The queue, by default, is a priority queue with priorities ranging from 1 (low) through 10 (high). By default the value is 5. To put a message a with a custom priority,

>>> queue.put({'b': 1}, priority=8)

This message will be consumed before the ones with lower priority.

Get

>>> queue.get()
{'a': 1}

The message is automatically deserialized.

>>> q.get()

This will raise an exception:

Exception: The previous message was neither marked done nor requeued.

Mark done

>>> queue.task_done()

This sends a basic_ack.

The semantics of this method is somewhat different from the one in queue.Queue in the standard library, in that there is no queue.join in our case that is waiting for invocation of task_done.

Requeue

>>> queue.requeue()

This sends a basic_reject with requeue=True

Queue size

>>> len(queue)
2

Iterable Interface

for msg in queue:
    try:
        # handle the message
    except NonRetriableError:
        # do some logging, alerting ...
        queue.task_done()
    except RetriableError:
        # do some logging, alerting ...
        queue.requeue()
    except Exception:
        raise
    else:
        queue.task_done()

Decorator Interface

This one is the recommended usage because it is the cleanest.

@queue.handler
def process(msg):
    pass


@queue.error_handler(E1, E2, requeue=False)
def non_retriable_error_1(msg, e):
    pass


@queue.error_handler(E3, E4, requeue=False)
def non_retriable_error_2(msg, e):
    pass


@queue.error_handler(E5, E6, ...)
def retriable_error(msg, e):
    pass

Any number of error handlers can be registered.

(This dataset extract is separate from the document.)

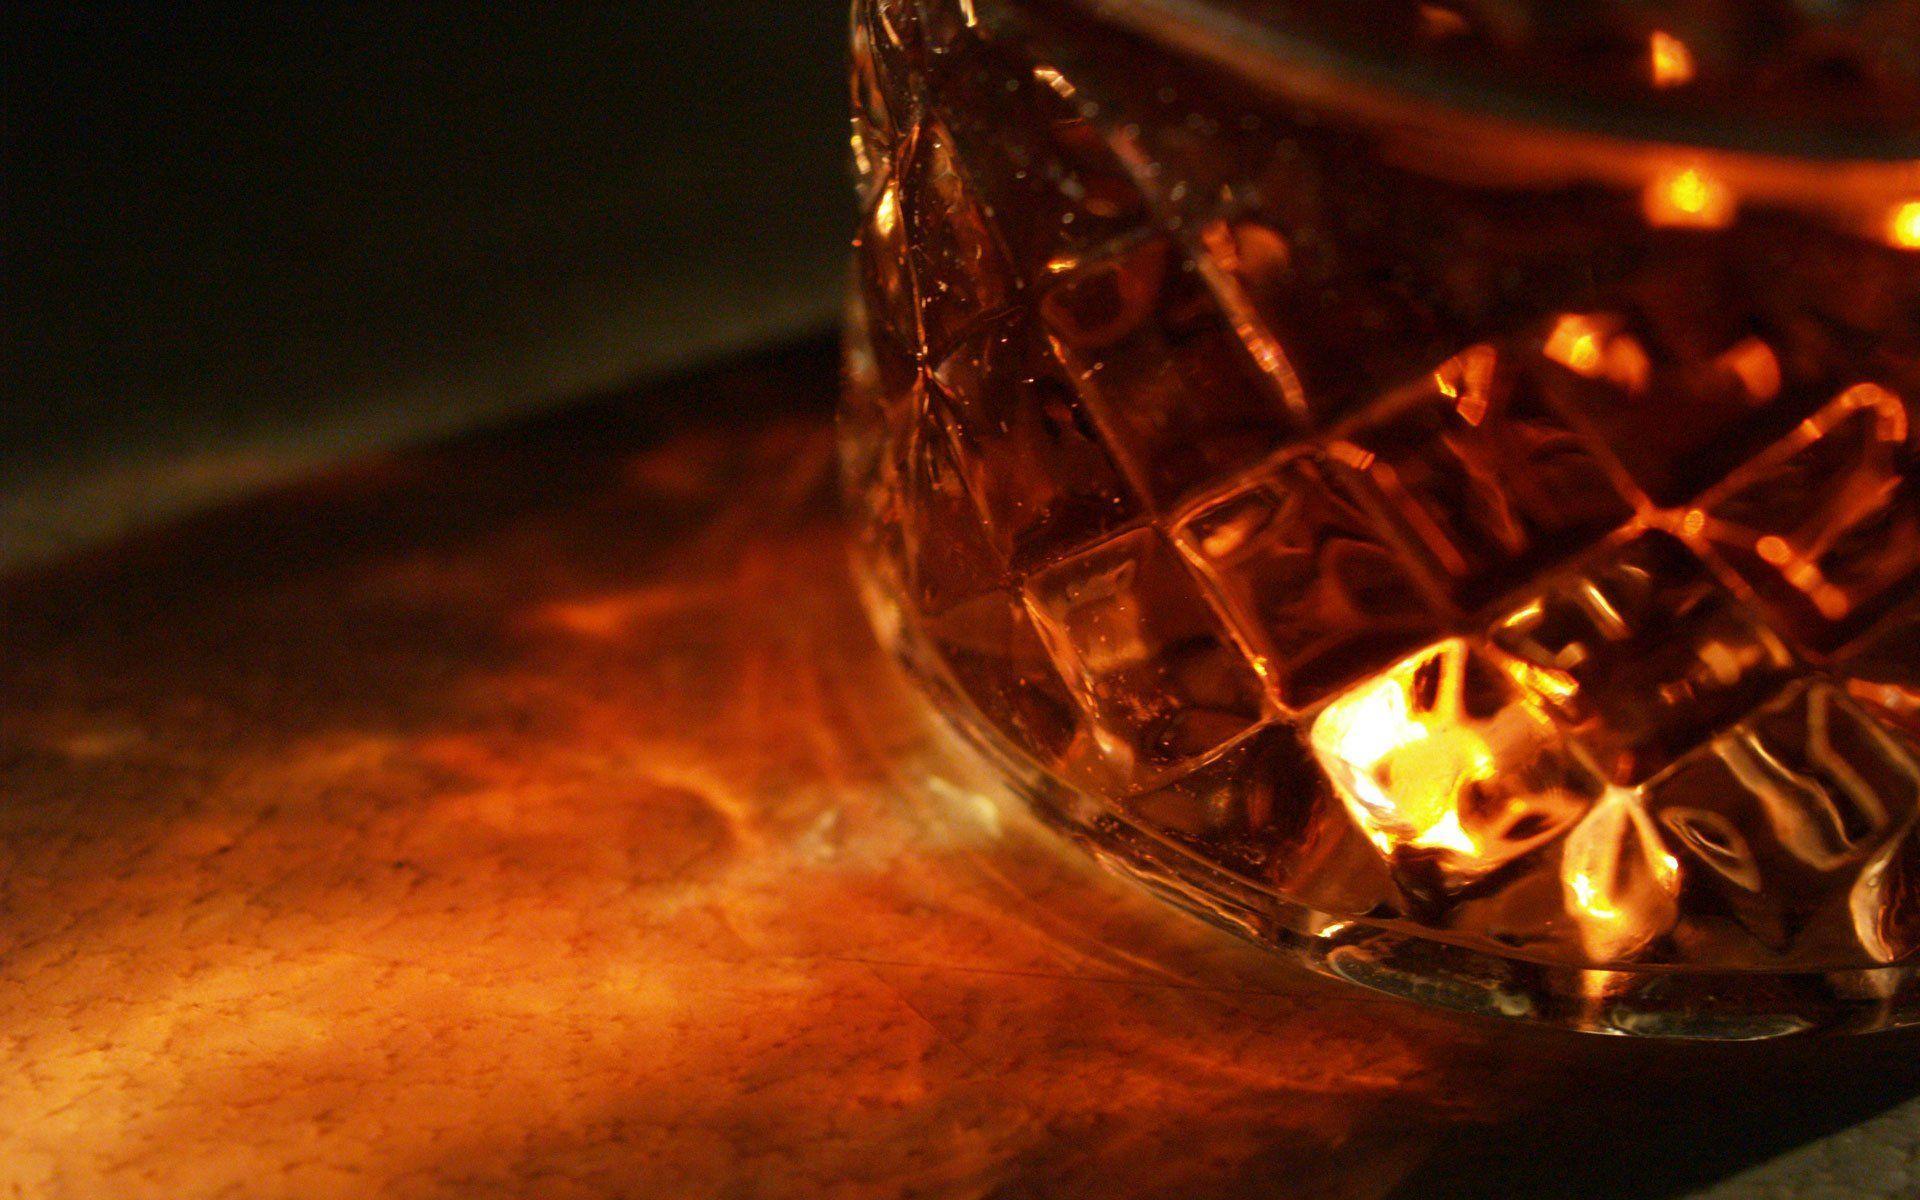 wallpaper whiskey bourbon alcohol - photo #8
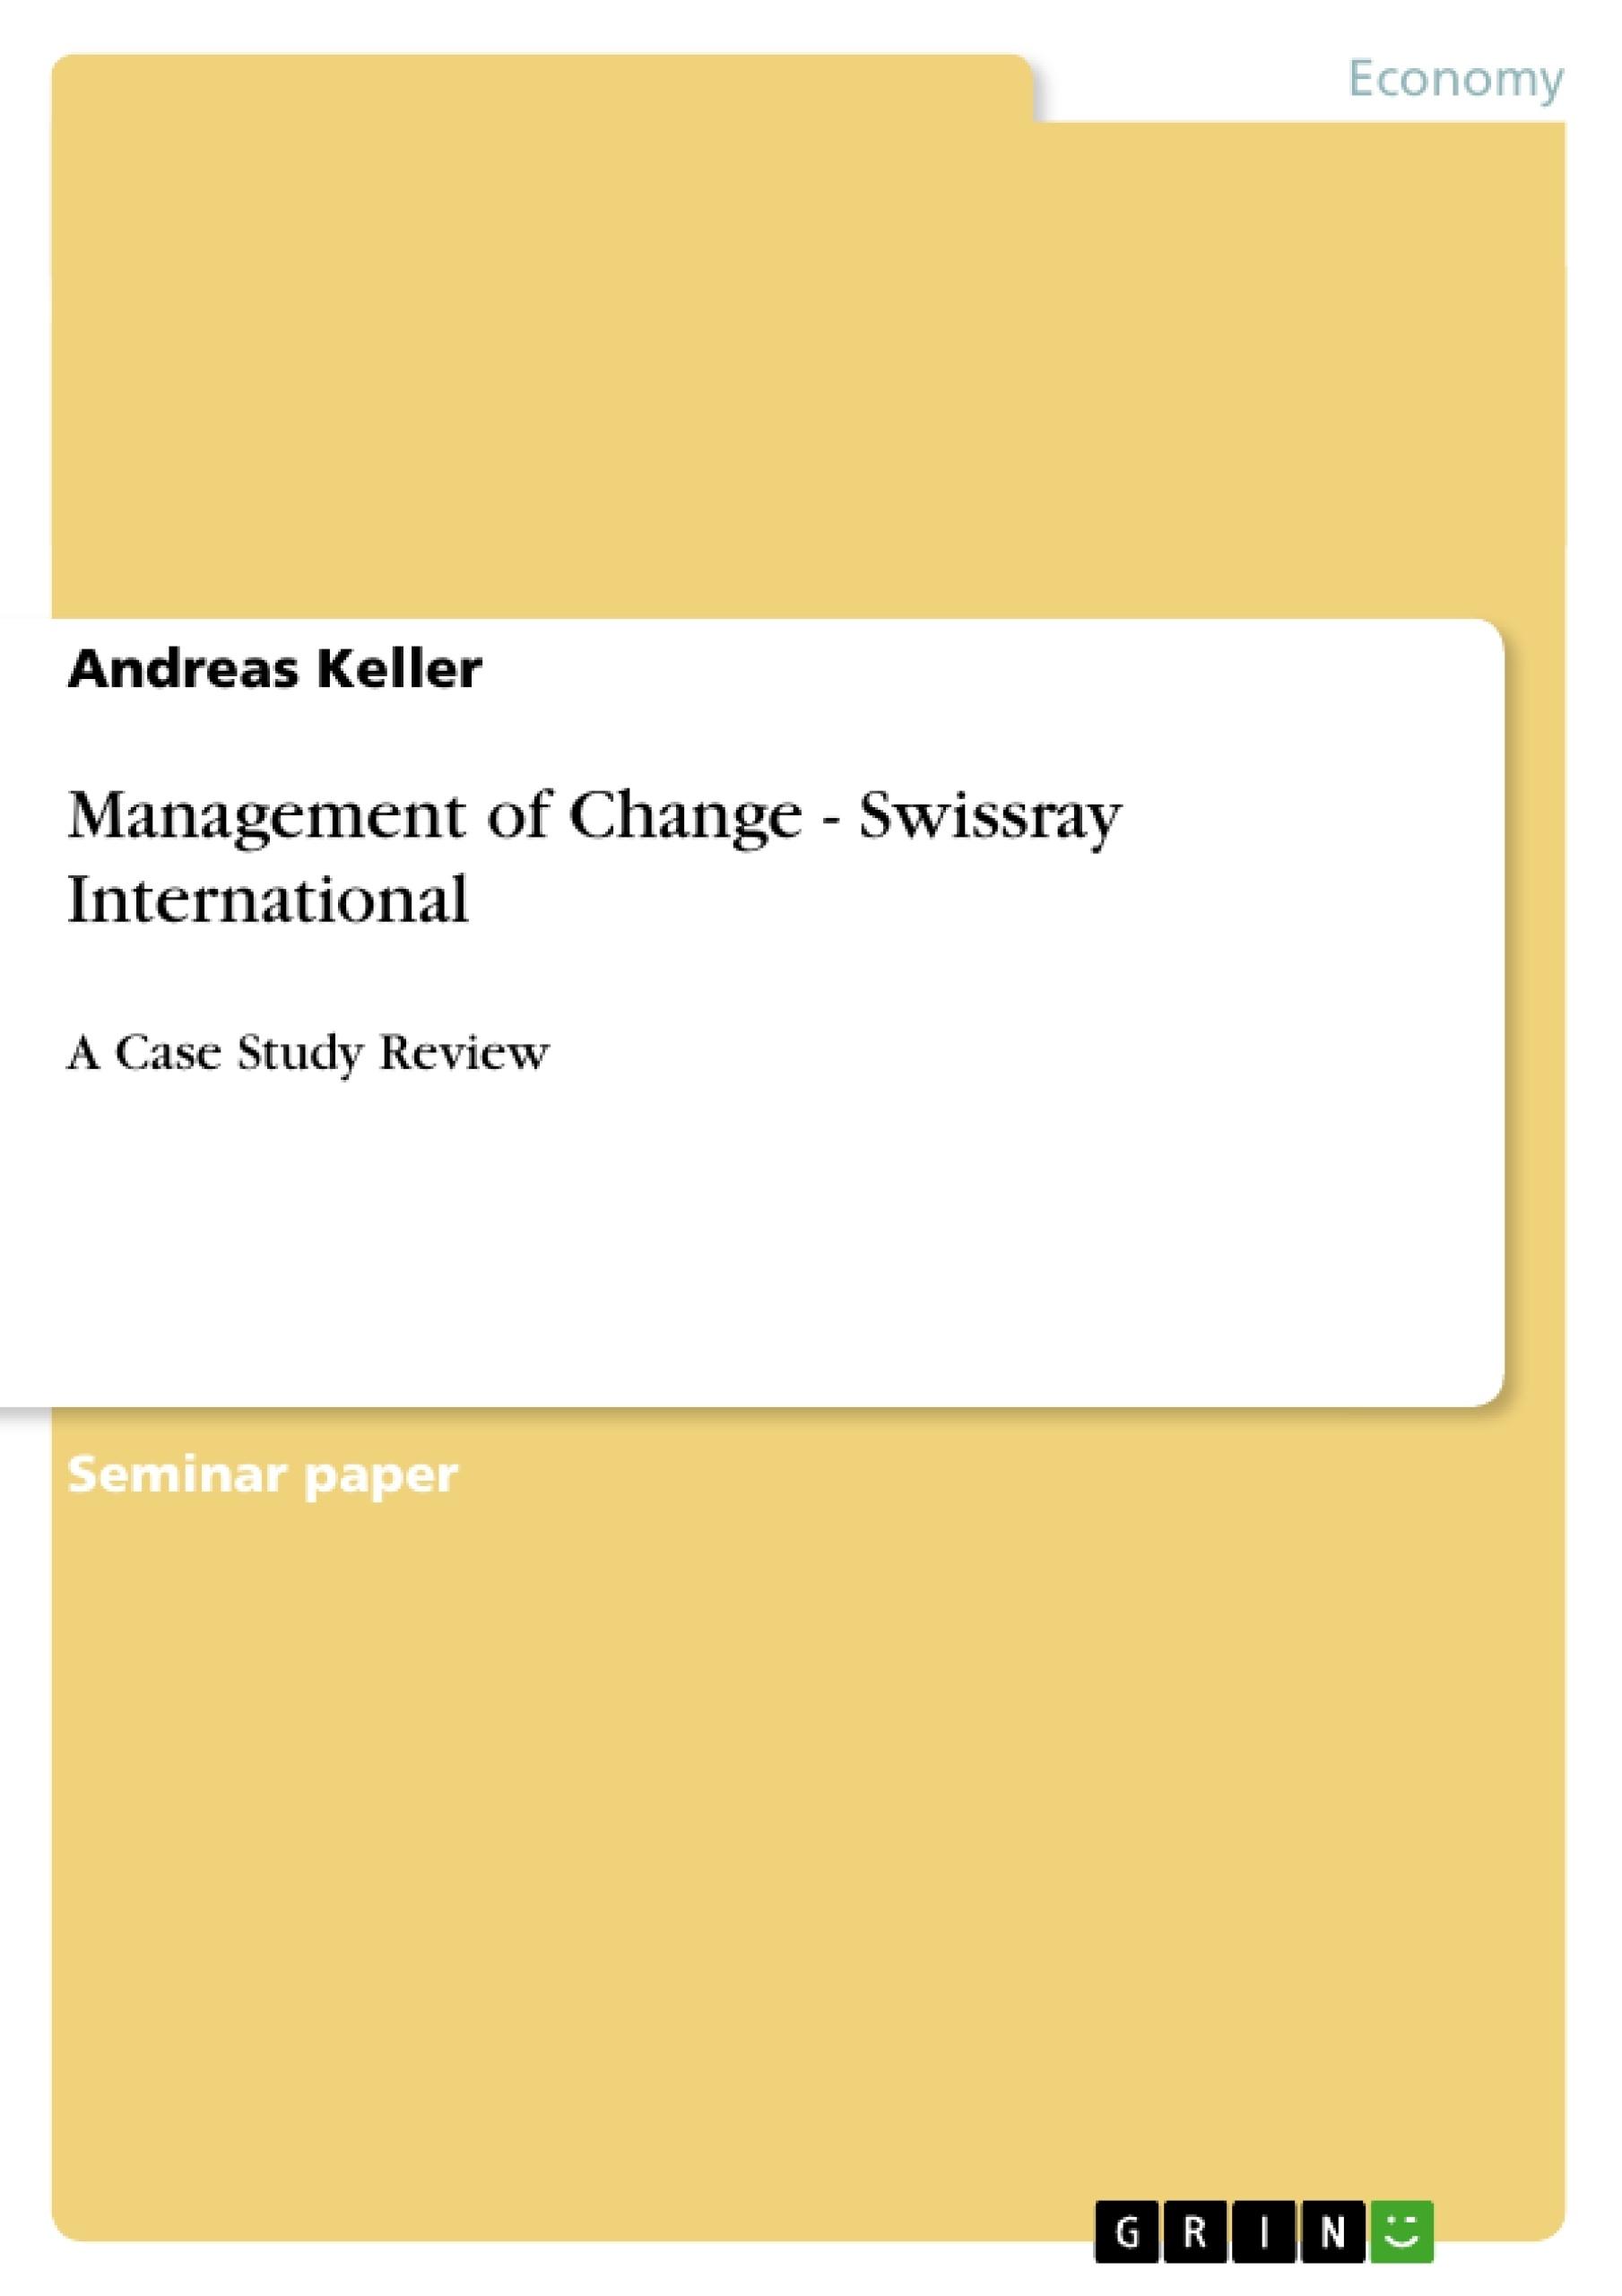 Title: Management of Change - Swissray International

In the Iterable interface this would make the try/except block extremely ugly.

Workflow

The queue object has two methods that are registration decorators:

  1. queue.handler: bound to a single callable, that processes the message
  2. queue.error_handler: bound to a list of callables, that handle the errors

Once a message is consumed, queue.handler callable is invoked passing the message

  1. if there are no exceptions the message is marked done.
  2. If there are errors, the appropriate handler is invoked, depending on the type of the raised exception. The message is marked done or requeued depending on the requeue argument. By default it is True.
  3. If none of the handlers match, the message is requeued and the exception is raised.